Пью теплую водку из стакана и вдруг чувствую, как начинает кружиться голова. Когда иду, земля во дворе покачивается… А суп тут, правда, ППЖ. Есть хочется до невозможности…
В казарме ложусь на набитый соломой матрац, и все стараюсь что-то вспомнить. Сюда перевели нас уже после бани: нары здесь из кирпича, посыпанные галькой и смазанные глиной, а сверху уже матрац. Откуда тут галька? Даже ракушки морские среди нее попадаются. Ну да, здесь было море. В школе мы про это учили. Черное соединялось с Каспийским и шло дальше…
Каждый день мы теперь на стрельбище. В основном тут морока с тюремными. Есть такие, что и ружья близко не видели. А на взвод для стрельбы у нас по две винтовки. Бухгалтер когда стреляет, зажмуривает глаза. Когда растрату делал – не боялся.
– В трубу хочешь! – говорю я с угрозой.
Есть такой пехотный способ, чтобы грома солдат не пугался. Посадить в стальную трубу, и дать залп по ней отделением. Ну, это старые сержантские сказки. Однако Бухгалтер, хоть и не знает что это такое, широко открывает глаза, когда тянет курок. Через неделю уже в щит попадает. И задница из окопа не торчит.
То же и с Сиротой. Тот вообще за курок боится взяться. Лежу рядом, зажав его пальцы, и вместе стреляем. Потом уже он стреляет сам. Собственно, не мое это дело. Такой же я, как и он. Это Правоторов переложил все на нас. А сержанты из полка, которые должны этим заниматься, стоят и курят. Оба лейтенанта, Ченцов и Хайленко, появляются от случая к случаю.
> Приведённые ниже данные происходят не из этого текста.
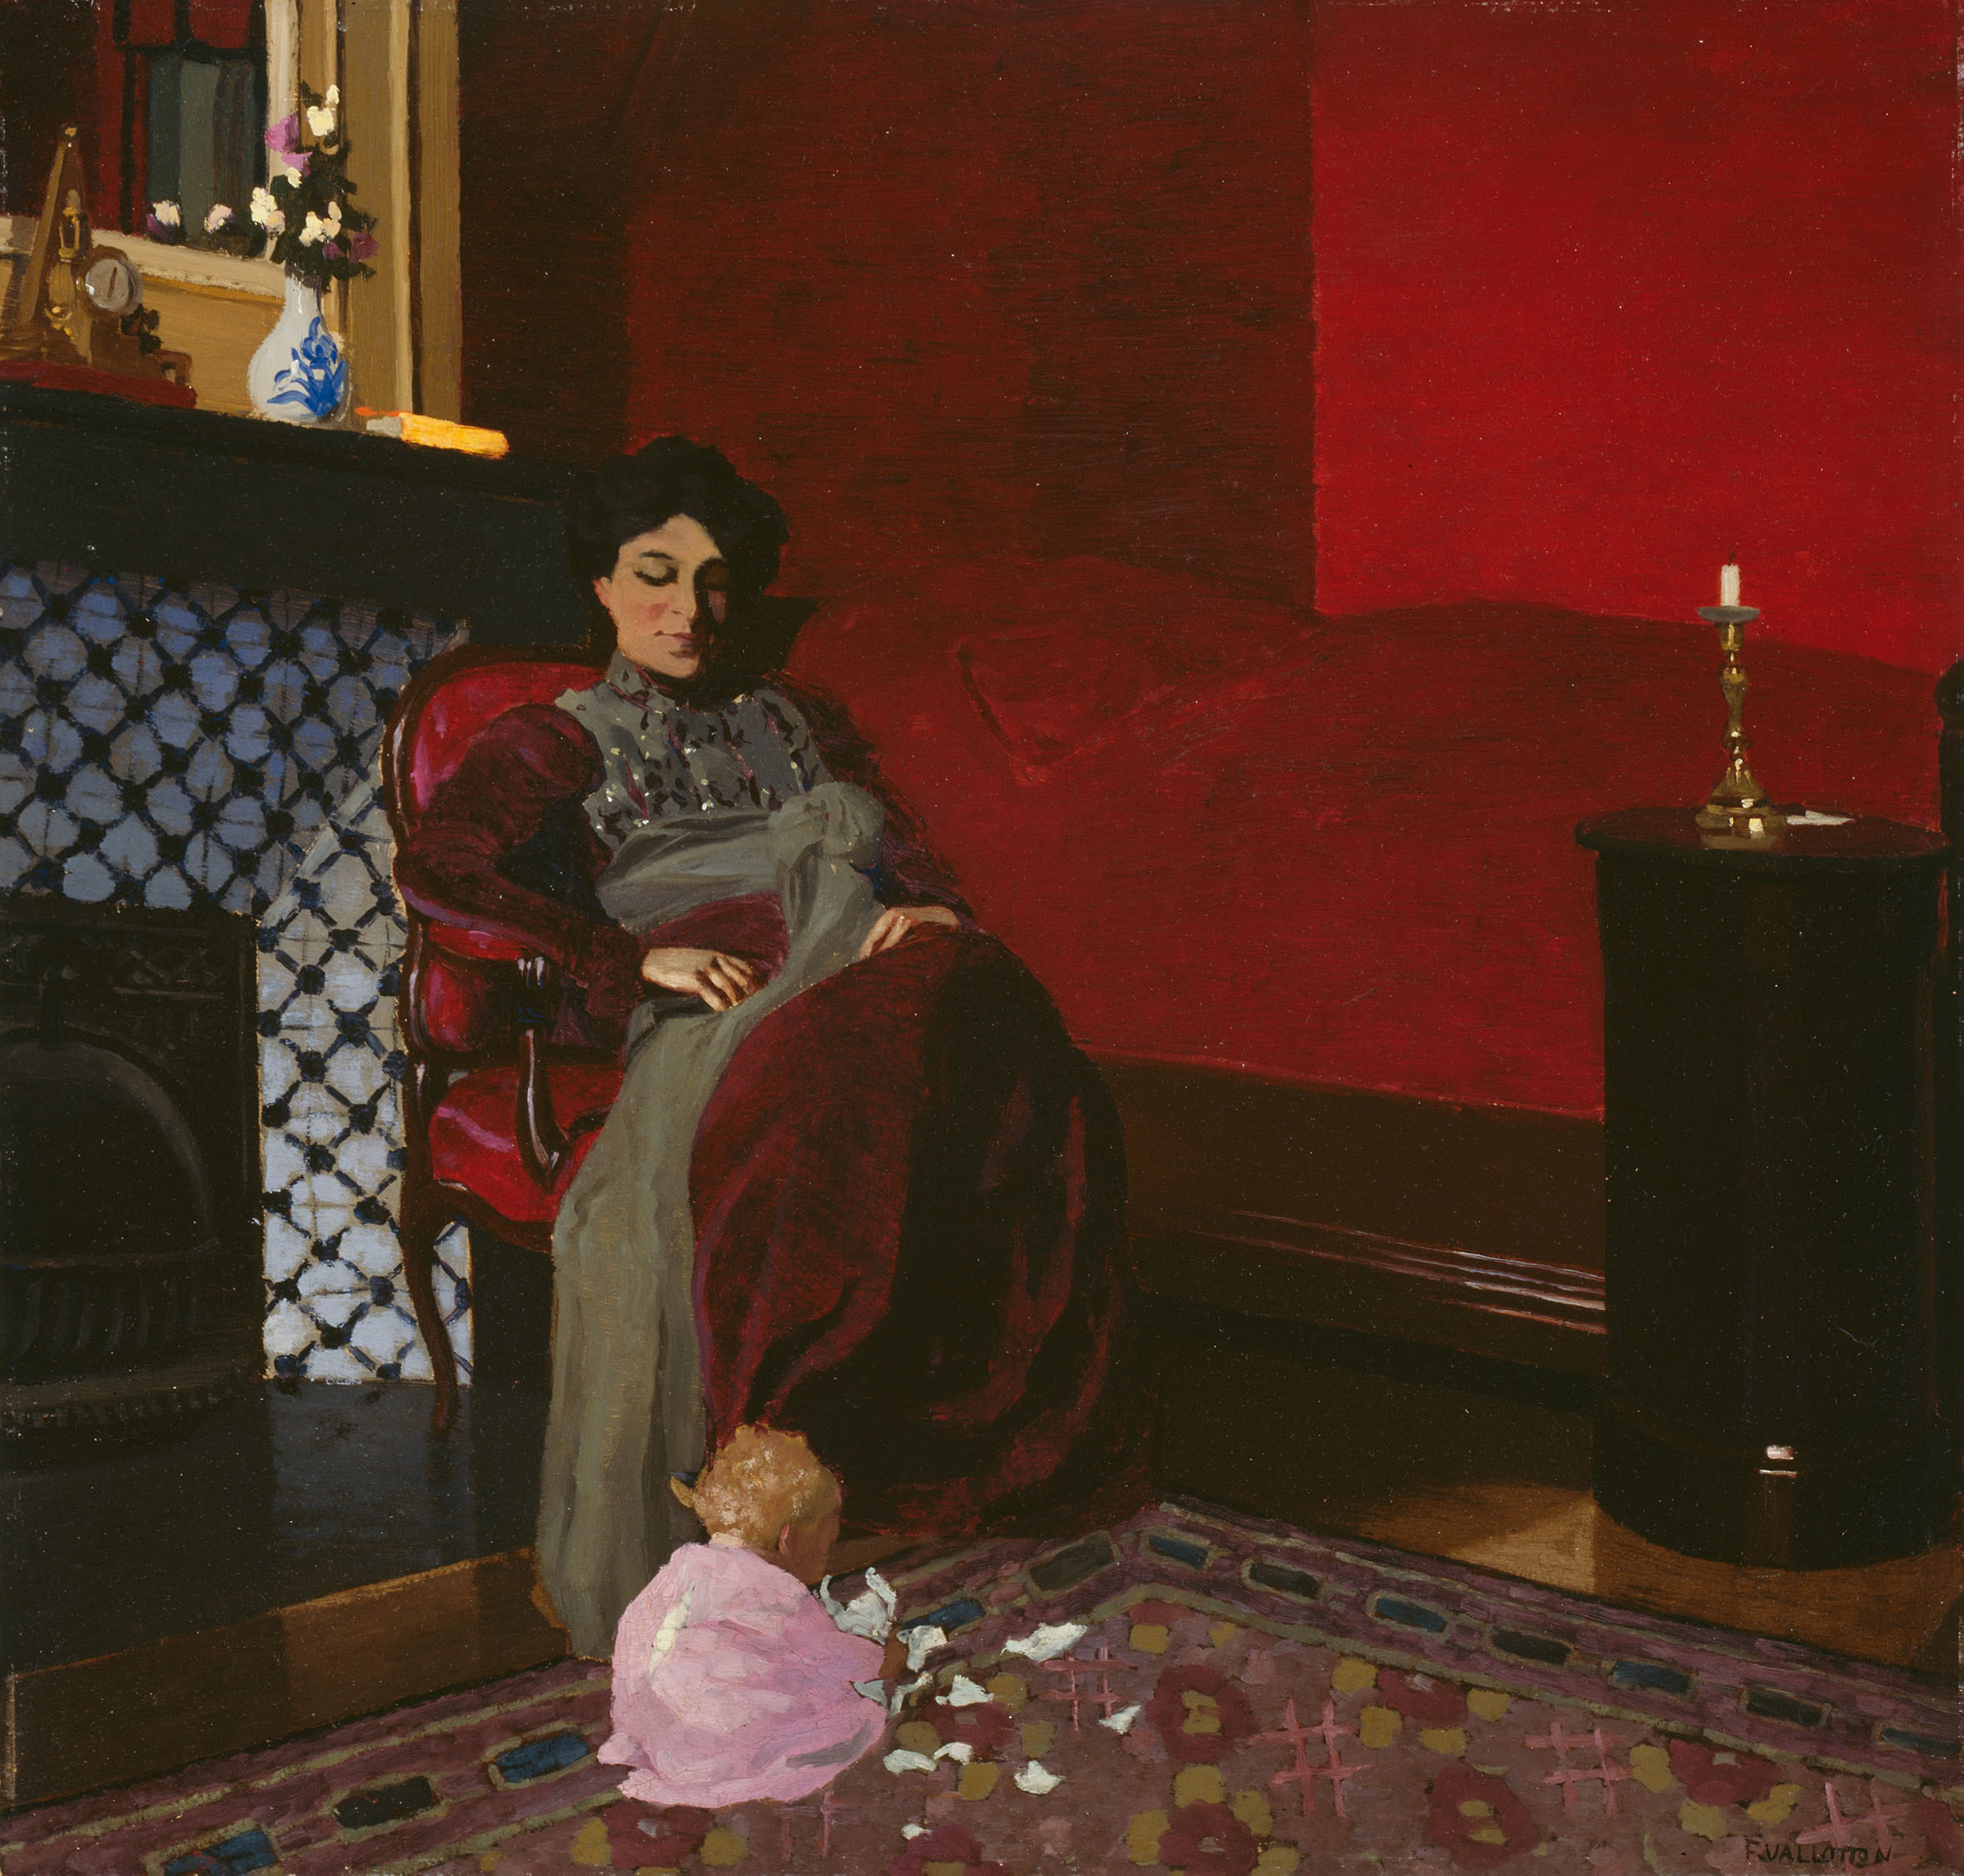 "The Red Room, Étretat," 1899 by Félix Vallotton will be on view in the Cleveland Museum of Art's upcoming show on the Nabis school of French painters. The Art Institute of Chicago, Bequest of Mrs. Clive Runnells, 1977.606

Хорошо стреляет Иванов. Рука не шелохнется и пули ложатся кучно, одна к одной. Все улыбка на его лице, даже детская какая-то. Только глаза смотрят прозрачно. Теперь он ест вместе со всеми. И как будто стесняется при этом: рукой он прикрывает миску, когда сгребает со дна затертую в суп крупу.
Узнаем, что скоро едем. Нас выстраивают на плацу. Приходит какой-то высокий полковник. С ним майор из комендатуры и старший лейтенант с юридическими погонами, который принимал тюремных. Два раза зачем-то проходим строем. Без песни: нам не положено.
Полковник совсем старый, с провисшими сзади на сухом теле брюками, но злой. Неизвестно даже, откуда он появился: то ли местный, то ли инспектор из округа. Вытянув большие фиолетовые губы трубочкой, он вслух считает ряды. При этом он помахивает в такт рукой.
Мы идем плохо, без чувства. Тюремные вообще топчутся как попало. Капитан стоит, будто это его не касается.
– От-ставить! – громко кричит полковник и поворачивается к капитану Правоторову. – Чем вы занимались с ними все эти дни?! Я вас спрашиваю, товарищ капитан!
Капитан Правоторов с удивлением поднимает глаза на полковника, будто впервые его увидел. Потом что-то негромко говорит. И рот у полковника вдруг делается совсем круглым.
– Вы… рапорт…
Но капитан уже не слушает его. Полковник идет к калитке, проделанной в заграждении из проволоки, и его пышные брюки-галифе мотаются под ветром из стороны в сторону, будто ничего нет под ними. В строю довольны. Кажется, мы слышали, что сказал инспектору капитан Правоторов…
В последний день мы, взводные, сидим в канцелярии и пишем списки: кто, откуда, по приказу или по суду, на сколько. Входят конвойные, ведут еще двоих. Перестаем писать, смотрим с удивлением. Старшина и ефрейтор поднимают и тут же опускают головы.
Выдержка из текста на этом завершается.